Когда подъезжали к хижинам, Афанасий с трудом мог открыть глаза, почти ничего уже не сознавал.
Жесточайший приступ тропической малярии свалил его с ног.
Если ему легчало, он смотрел в потолок, пытался понять, где он и что с ним, кривил губы, стараясь улыбнуться склонившемуся над изголовьем Рангу. В полузабытьи чувствовал, что ему подносят какое-то питьё, вливают в рот горький настой. Каждое движение причиняло муку. Он старался лежать спокойно. Бредовые видения вихрем неслись в воспалённом мозгу.
Никитин стонал, могучее тело сотрясалось, лицо желтело. Он забывался…
Ему стало лучше на десятый день. Он впервые смог сесть на своем ложе, огляделся. Убогая хижина, убогая утварь, и у порога женщина в парандже. Никитин сообразил, что он в мусульманской деревне. Заметив, что он встаёт, женщина исчезла, и почти тотчас появился Рангу. Он смотрел тревожно и радостно, протягивал руки.

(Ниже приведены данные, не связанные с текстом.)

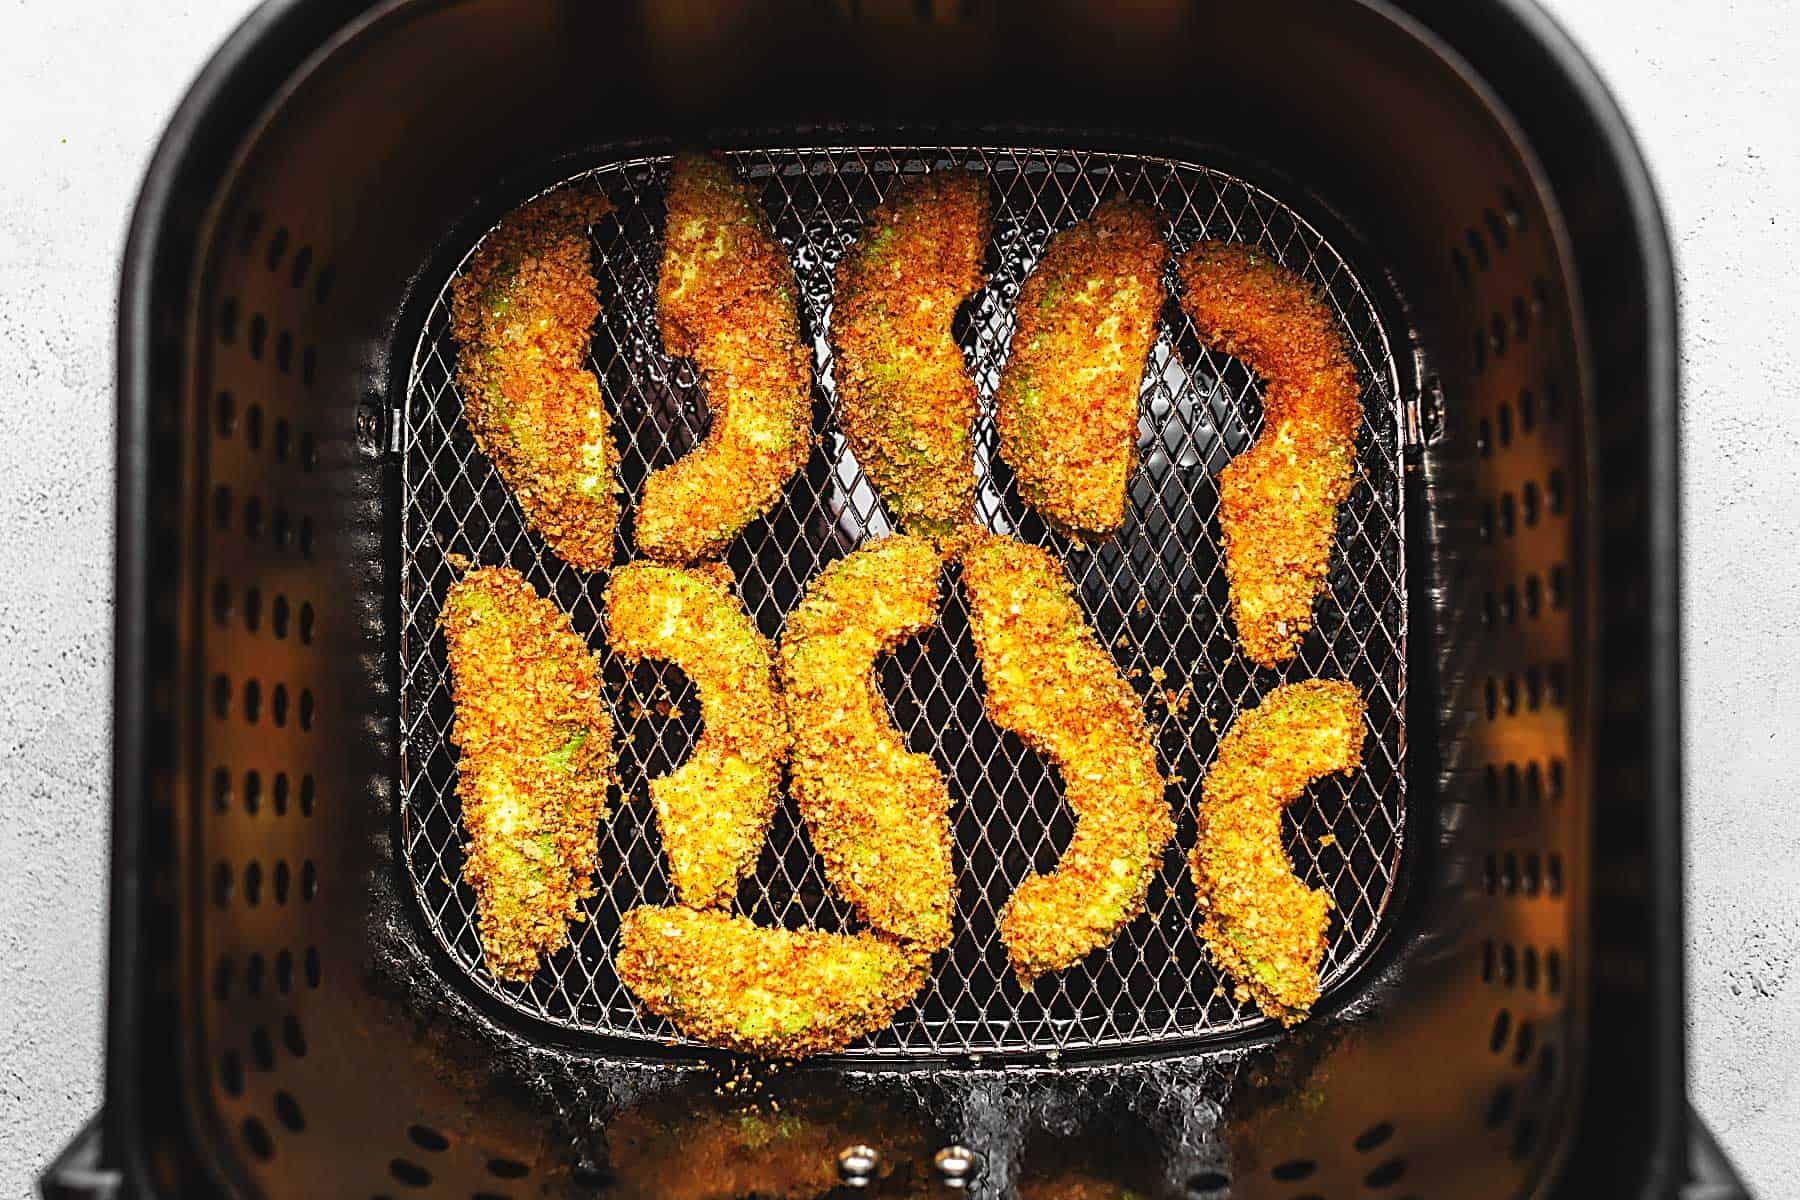 avocado fries in the air fryer basket.

Никитин, теряя силы, стал опускаться на циновку. Рангу помог ему лечь, поднес к губам лал — сосуд для питья.
— Великий Брама услышал меня! — шептал Рангу.— Лежи, лежи. Ты ещё слаб…
— Где мы?
— У друзей… Будь спокоен. Скоро всё пройдёт.
— Дожди ещё идут?
— Почти прекратились… Лежи, не говори.
Никитин поправлялся медленно. Силы прибывали по каплям. О поездке в таком состоянии дальше Рангу и слышать не хотел.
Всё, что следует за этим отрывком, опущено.